══ Provided data

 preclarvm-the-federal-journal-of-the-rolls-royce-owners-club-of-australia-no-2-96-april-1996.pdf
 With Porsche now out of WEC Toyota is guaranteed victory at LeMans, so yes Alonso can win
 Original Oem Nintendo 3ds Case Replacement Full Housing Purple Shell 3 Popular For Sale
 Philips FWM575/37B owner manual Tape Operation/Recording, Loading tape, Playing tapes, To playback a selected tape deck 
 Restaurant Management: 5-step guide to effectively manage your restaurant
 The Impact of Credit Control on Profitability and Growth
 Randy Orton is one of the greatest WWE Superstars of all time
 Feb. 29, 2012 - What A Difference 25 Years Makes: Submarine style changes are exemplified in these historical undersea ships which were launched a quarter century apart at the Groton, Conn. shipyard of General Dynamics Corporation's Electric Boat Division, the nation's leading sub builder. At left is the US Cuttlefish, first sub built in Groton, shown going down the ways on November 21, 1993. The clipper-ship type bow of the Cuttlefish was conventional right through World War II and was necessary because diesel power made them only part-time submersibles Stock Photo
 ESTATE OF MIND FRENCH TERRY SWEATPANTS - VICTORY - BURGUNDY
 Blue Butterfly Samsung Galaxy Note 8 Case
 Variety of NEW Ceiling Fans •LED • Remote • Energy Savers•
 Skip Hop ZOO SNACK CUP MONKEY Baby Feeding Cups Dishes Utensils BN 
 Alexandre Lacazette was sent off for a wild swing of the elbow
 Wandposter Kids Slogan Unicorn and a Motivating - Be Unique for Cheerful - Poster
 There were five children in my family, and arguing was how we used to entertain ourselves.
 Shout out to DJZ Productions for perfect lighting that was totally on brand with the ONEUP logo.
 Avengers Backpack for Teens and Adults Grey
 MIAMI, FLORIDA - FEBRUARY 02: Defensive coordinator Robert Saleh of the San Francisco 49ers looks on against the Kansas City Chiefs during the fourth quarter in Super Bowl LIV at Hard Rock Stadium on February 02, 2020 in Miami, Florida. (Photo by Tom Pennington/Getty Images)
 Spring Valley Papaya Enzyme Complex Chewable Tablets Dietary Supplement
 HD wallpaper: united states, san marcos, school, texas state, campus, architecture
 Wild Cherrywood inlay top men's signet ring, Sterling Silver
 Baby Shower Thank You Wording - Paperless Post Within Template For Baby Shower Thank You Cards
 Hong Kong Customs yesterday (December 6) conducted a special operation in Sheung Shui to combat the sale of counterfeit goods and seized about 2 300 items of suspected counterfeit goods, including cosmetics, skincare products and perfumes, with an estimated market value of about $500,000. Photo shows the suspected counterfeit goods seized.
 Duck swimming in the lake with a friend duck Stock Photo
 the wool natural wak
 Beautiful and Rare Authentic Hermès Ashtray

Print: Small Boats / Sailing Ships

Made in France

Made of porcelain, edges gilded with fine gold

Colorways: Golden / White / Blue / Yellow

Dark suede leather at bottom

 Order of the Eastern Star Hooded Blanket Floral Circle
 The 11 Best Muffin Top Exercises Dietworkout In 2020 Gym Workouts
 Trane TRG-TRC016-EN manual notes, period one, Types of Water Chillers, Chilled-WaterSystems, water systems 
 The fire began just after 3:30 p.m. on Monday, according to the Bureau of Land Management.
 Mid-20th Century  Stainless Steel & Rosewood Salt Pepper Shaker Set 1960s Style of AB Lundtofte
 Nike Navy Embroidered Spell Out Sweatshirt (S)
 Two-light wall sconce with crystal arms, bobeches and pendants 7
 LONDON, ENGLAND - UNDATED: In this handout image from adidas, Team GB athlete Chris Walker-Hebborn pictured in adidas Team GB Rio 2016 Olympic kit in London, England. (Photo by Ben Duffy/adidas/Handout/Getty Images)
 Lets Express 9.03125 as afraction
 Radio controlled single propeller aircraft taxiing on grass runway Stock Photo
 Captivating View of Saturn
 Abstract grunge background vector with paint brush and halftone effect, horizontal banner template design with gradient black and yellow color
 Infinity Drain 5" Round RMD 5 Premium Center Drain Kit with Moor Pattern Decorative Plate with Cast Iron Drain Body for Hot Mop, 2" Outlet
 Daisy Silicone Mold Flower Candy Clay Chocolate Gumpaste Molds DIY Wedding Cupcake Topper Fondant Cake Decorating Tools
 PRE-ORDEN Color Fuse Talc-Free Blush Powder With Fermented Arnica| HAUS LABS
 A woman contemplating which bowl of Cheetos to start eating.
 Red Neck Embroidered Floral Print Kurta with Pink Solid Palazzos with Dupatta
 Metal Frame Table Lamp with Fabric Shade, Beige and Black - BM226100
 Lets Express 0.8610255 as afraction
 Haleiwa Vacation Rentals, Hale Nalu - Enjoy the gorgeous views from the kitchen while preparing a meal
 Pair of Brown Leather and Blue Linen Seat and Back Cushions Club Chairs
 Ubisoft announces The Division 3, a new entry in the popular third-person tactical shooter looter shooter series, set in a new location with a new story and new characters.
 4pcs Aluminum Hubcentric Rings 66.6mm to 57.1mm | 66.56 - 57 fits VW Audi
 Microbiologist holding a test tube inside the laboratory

════

> [Task item]
For the data above, state only how many lines include the word "Case".

> [Result of the task]
2